Negotiation in the news: “Victim” of Banksy’s prank laughs all the way to the bank

They say negotiation is an art, and that certainly was the case on October 5, 2018, when the mysterious artist known as Banksy turned a Sotheby’s auction into a clever—and very expensive—piece of performance art.

Drawing a crowd

An anonymous and highly celebrated street artist, British-based Banksy is known for his subversive graffiti and cheeky pranks, such as the time he snuck one of his canvases onto a wall in New York’s Metropolitan Museum of Art for two hours. The artist’s work is rarely sold, mainly because most of it is painted on buildings, but this past fall, he allowed a spray-painted canvas from 2000 called Girl With Balloon to be sold at the venerable Sotheby’s auction house in London.

A video Banksy later released of the fateful night shows frenzied bidding in the auction room, mainly by representatives of bidders who phoned in to keep their identities concealed—a detail the undercover artist might have appreciated. When the dust settled, one of those unidentified bidders had won the painting for $1.4 million. Applause erupted, an alarm went off—and those present gasped in shock as Banksy’s painting descended through the bottom of the frame and emerged shredded into ribbons. Midway through its destruction, the painting halted, half of it in the frame, the other half hanging beneath it like fringe.

“We’ve been Banksy-ed,” Alex Branczik, Sotheby’s head of contemporary art in Europe, said in a press conference afterward. The auction house insisted it was just as bewildered by the prank as anyone. But some believed Sotheby’s was involved in it, noting the painting’s unusually thick and heavy frame, the New York Times reports.

A sketchy deal

The video Banksy released the following day showed an unknown man in the auction room operating a hidden electronic device that appeared to have activated a shredder concealed in the painting’s frame. “A few years ago I secretly built a shredder into a painting in case it was ever put up for auction,” Banksy wrote in a caption. He closed the video with a quote attributed to Pablo Picasso: “The urge to destroy is also a creative urge.”

In a video clip released later on YouTube, Banksy revealed he had intended for the painting to be completely destroyed but that the shredder had jammed. “In rehearsals it worked every time,” a caption said. Banksy also denied that Sotheby’s was aware of the prank.

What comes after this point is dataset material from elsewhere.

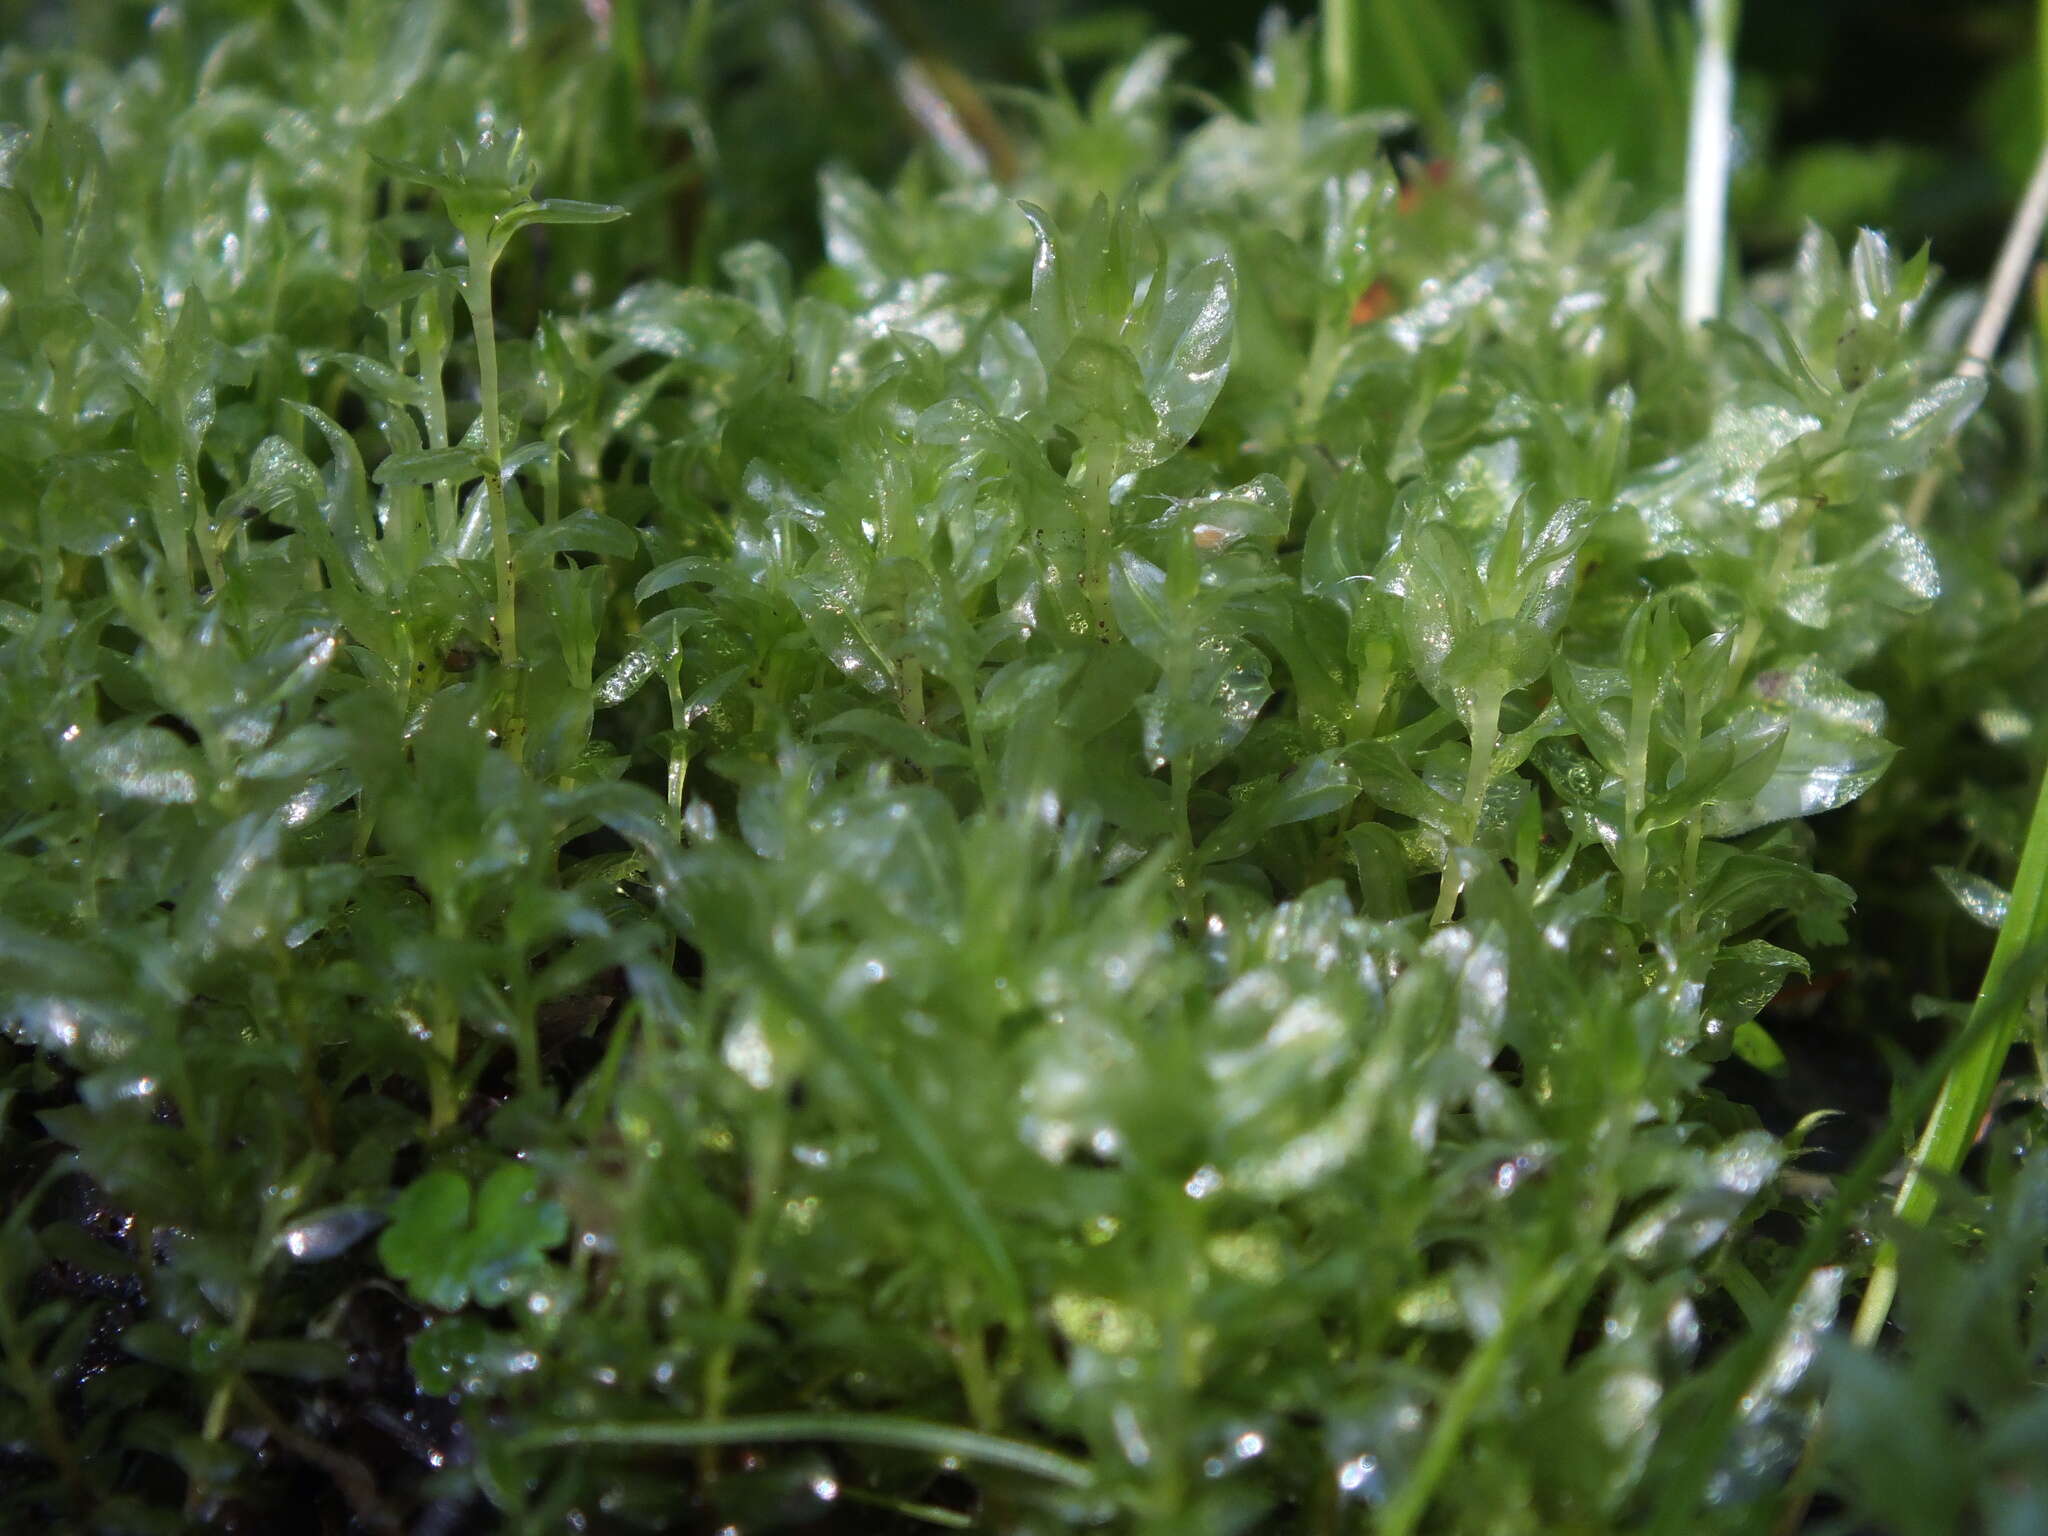 Image of elliptic plagiomnium moss

In an interview with the Art Newspaper, Branczik also denied any sort of collusion, saying that Sotheby’s had asked the company representing Banksy if the gaudy frame could be removed from the painting before the auction and was told the frame was “integral to the artwork.” A third-party conservator working for Sotheby’s had inspected the frame, Branczik said, but did not take it apart. Neither the representative nor the auction house would say whether Banksy had been the seller of the painting, though some evidence suggests the artist gifted it to his publicist, Jo Brooks, in 2006.

Masterpiece theater

At first blush, it might seem as if the winning bidder for Girl With Balloon was suckered. After all, wasn’t activist Banksy poking fun at the commodification of art and the high prices paid at auctions? But it quickly became clear that the stunt had only enhanced the painting’s value, with one prominent critic calling it a “masterpiece of radical performance,” according to the Times.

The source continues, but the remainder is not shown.